▶ Brief:
Beginning with the line containing "stopboris Choice Image" and ending at the last line of the data, set down every line exactly, leaving out all pictures.

▶ Data segment:
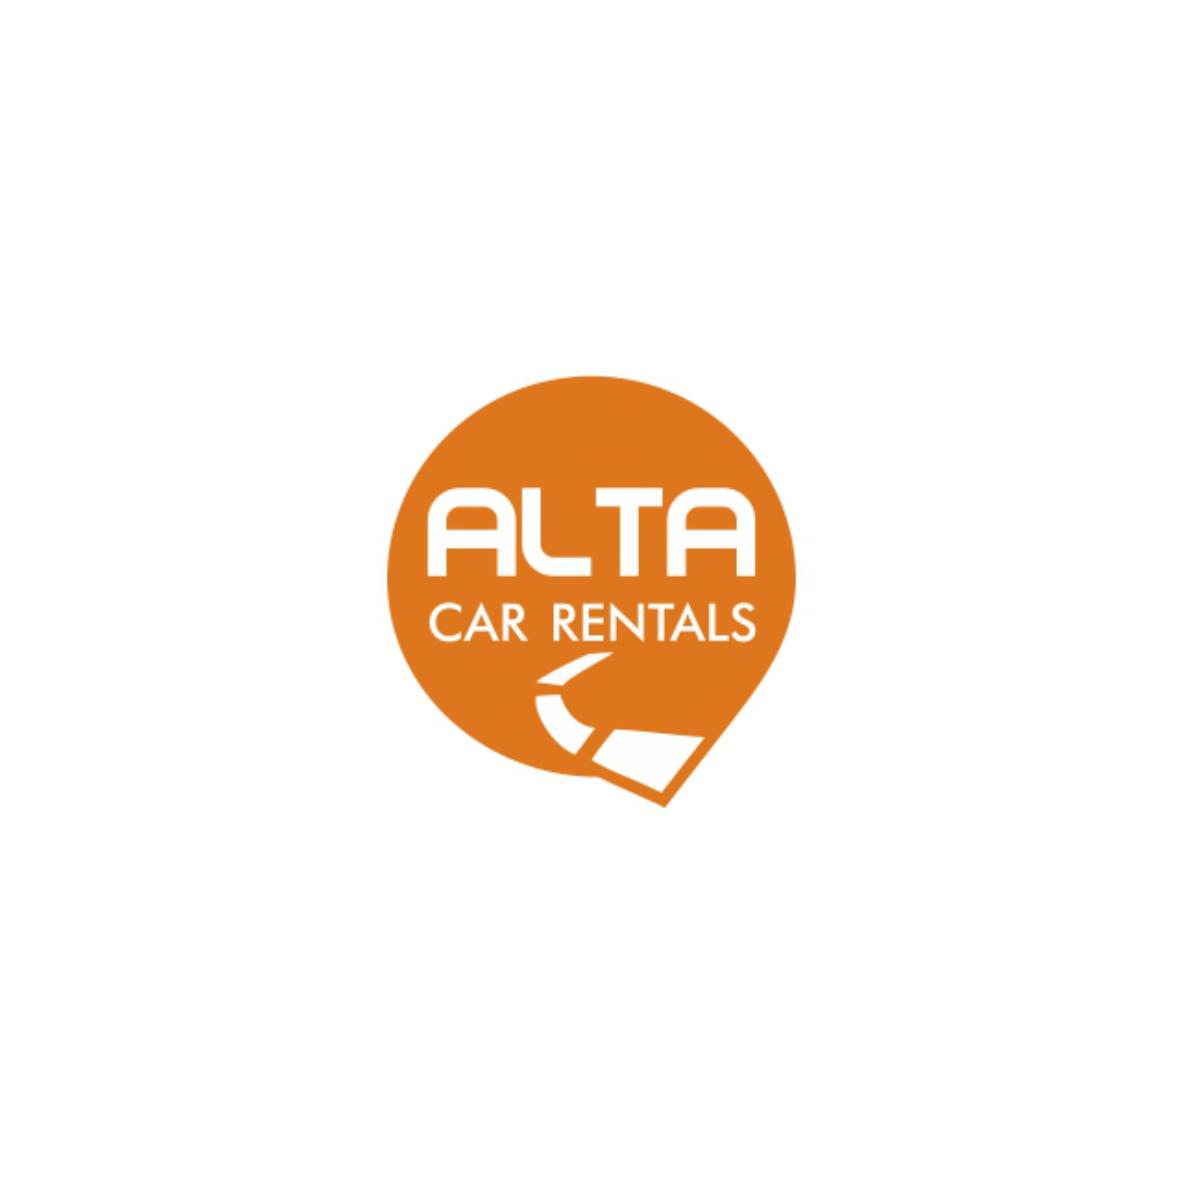 alta-logotipo
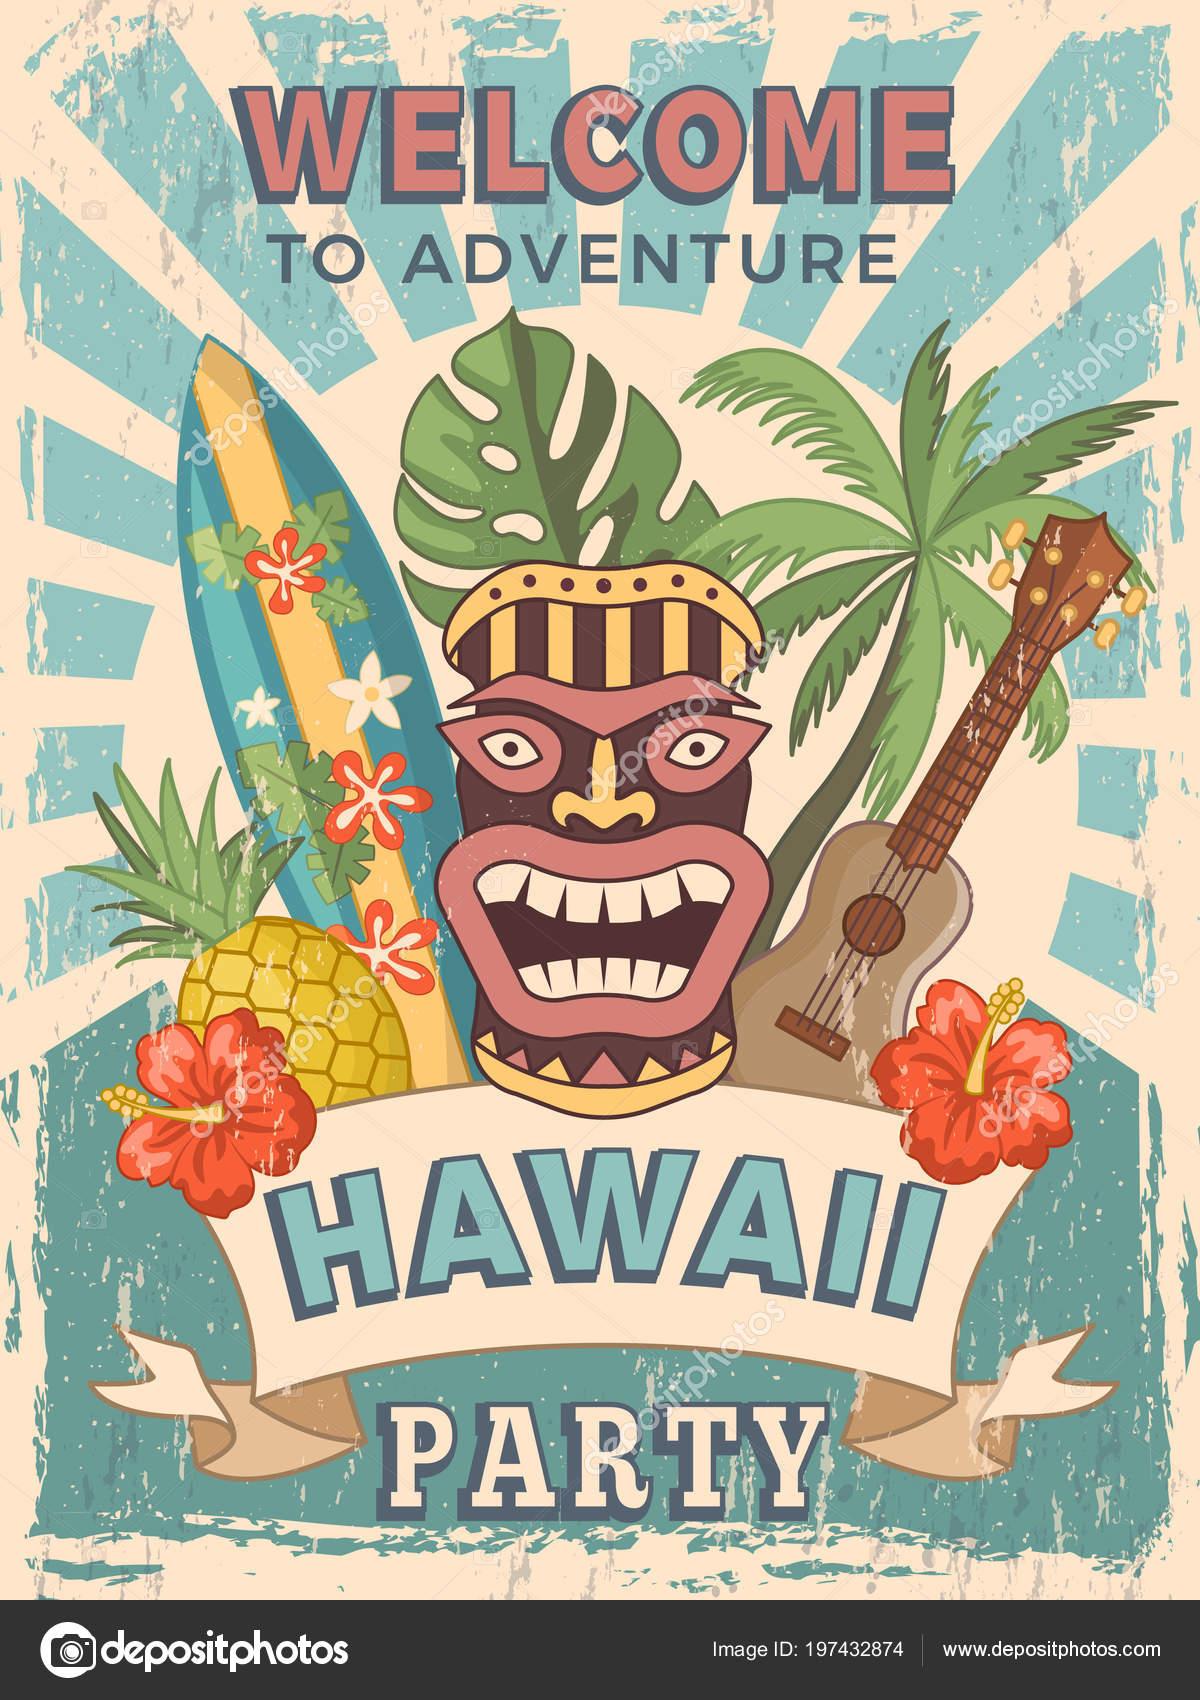 Design template of retro poster invitation for hawaiian party design template of retro poster invitation for hawaiian party stock vector stopboris Choice Image
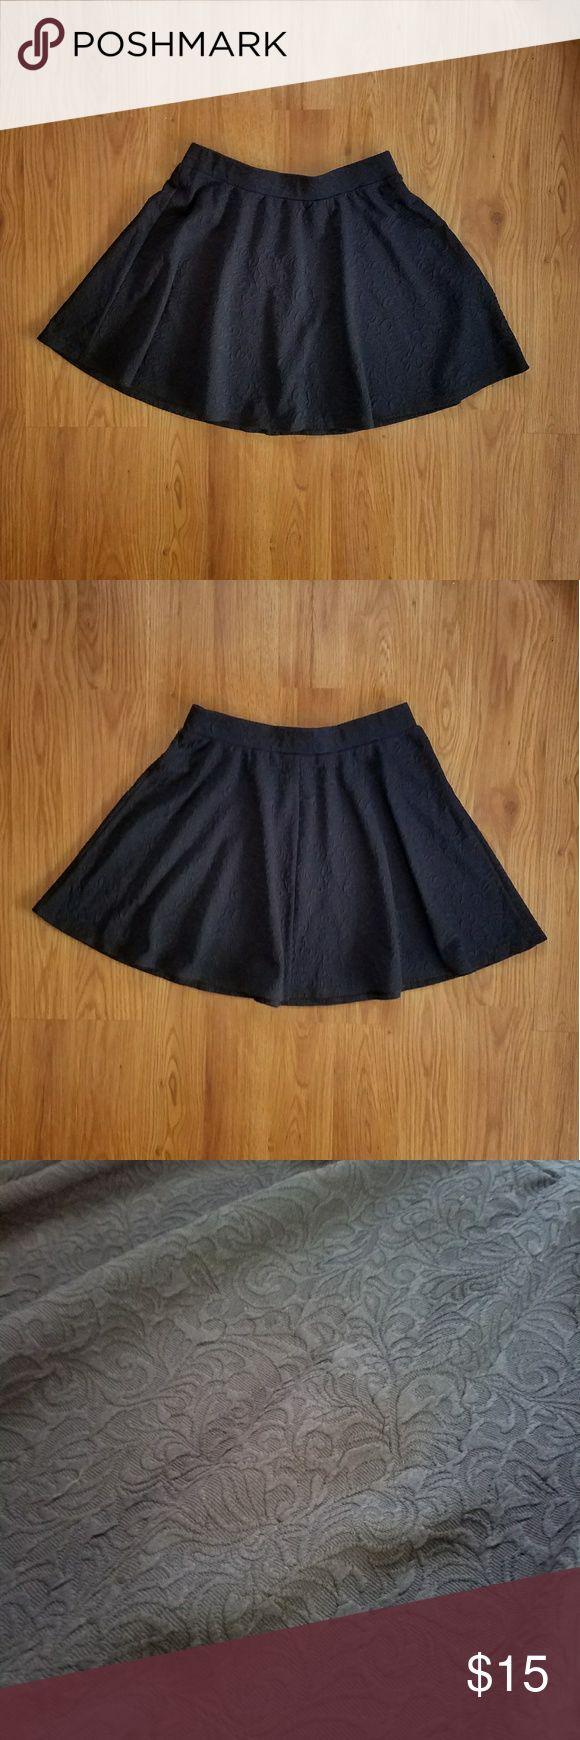 "NWOT Joe B floral textured black circle skirt Textured floral fabric design. Elastic waistband. Measurements are 26"" waist, 16"" length. Joe B Skirts"
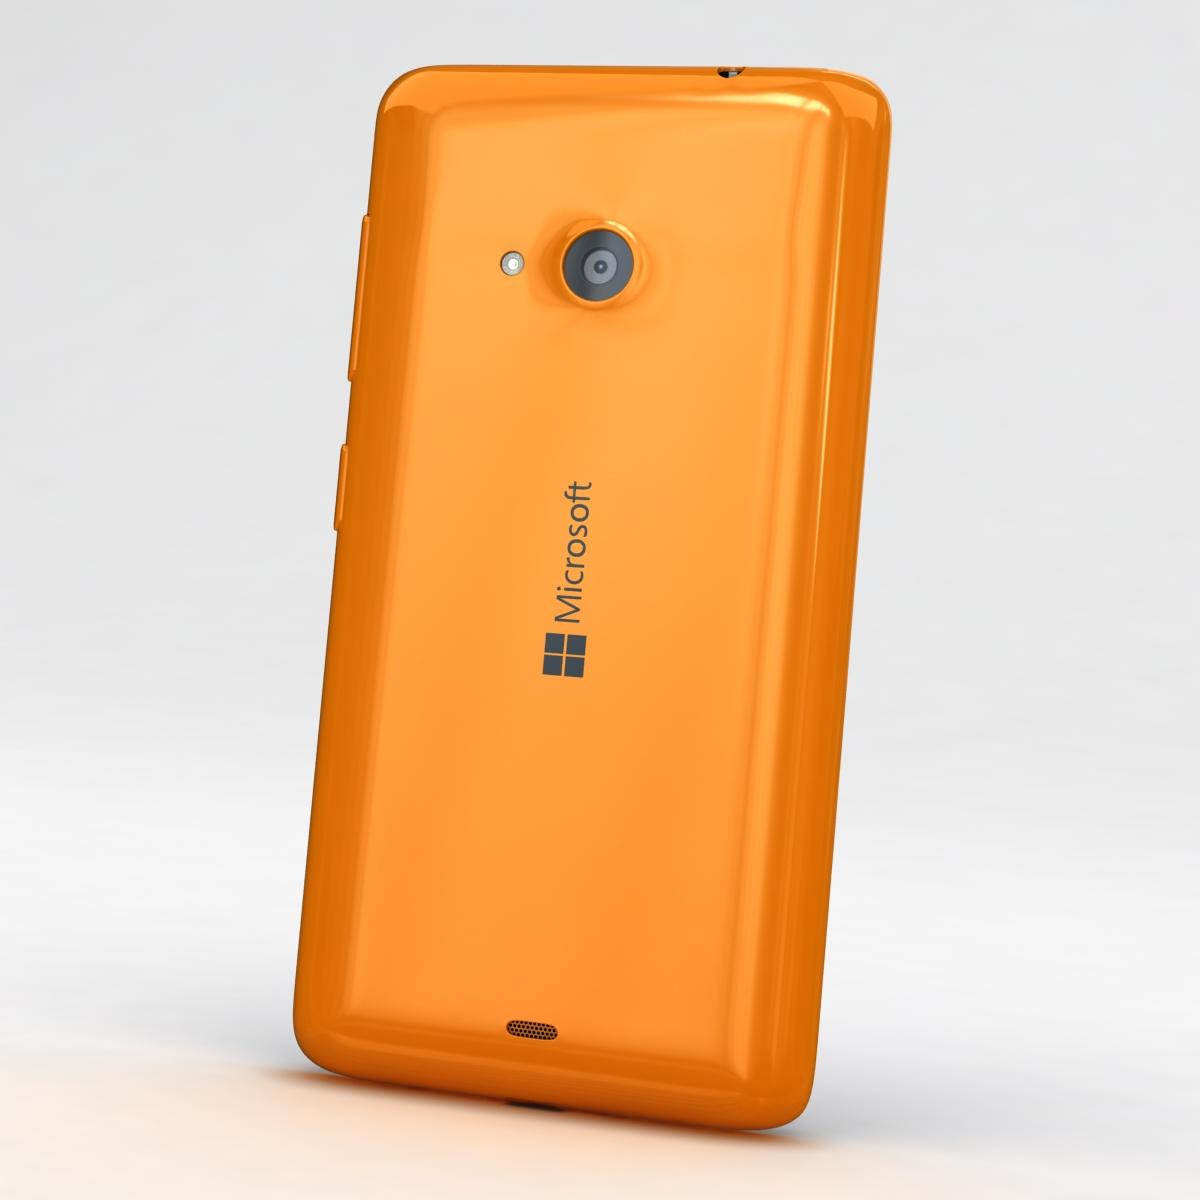 microsoft lumia 535 and dual sim orange 3d model 3ds max fbx c4d obj 204107

▶ Solution for this task:
 Design template of retro poster invitation for hawaiian party design template of retro poster invitation for hawaiian party stock vector stopboris Choice Image
 "NWOT Joe B floral textured black circle skirt Textured floral fabric design. Elastic waistband. Measurements are 26"" waist, 16"" length. Joe B Skirts"
 microsoft lumia 535 and dual sim orange 3d model 3ds max fbx c4d obj 204107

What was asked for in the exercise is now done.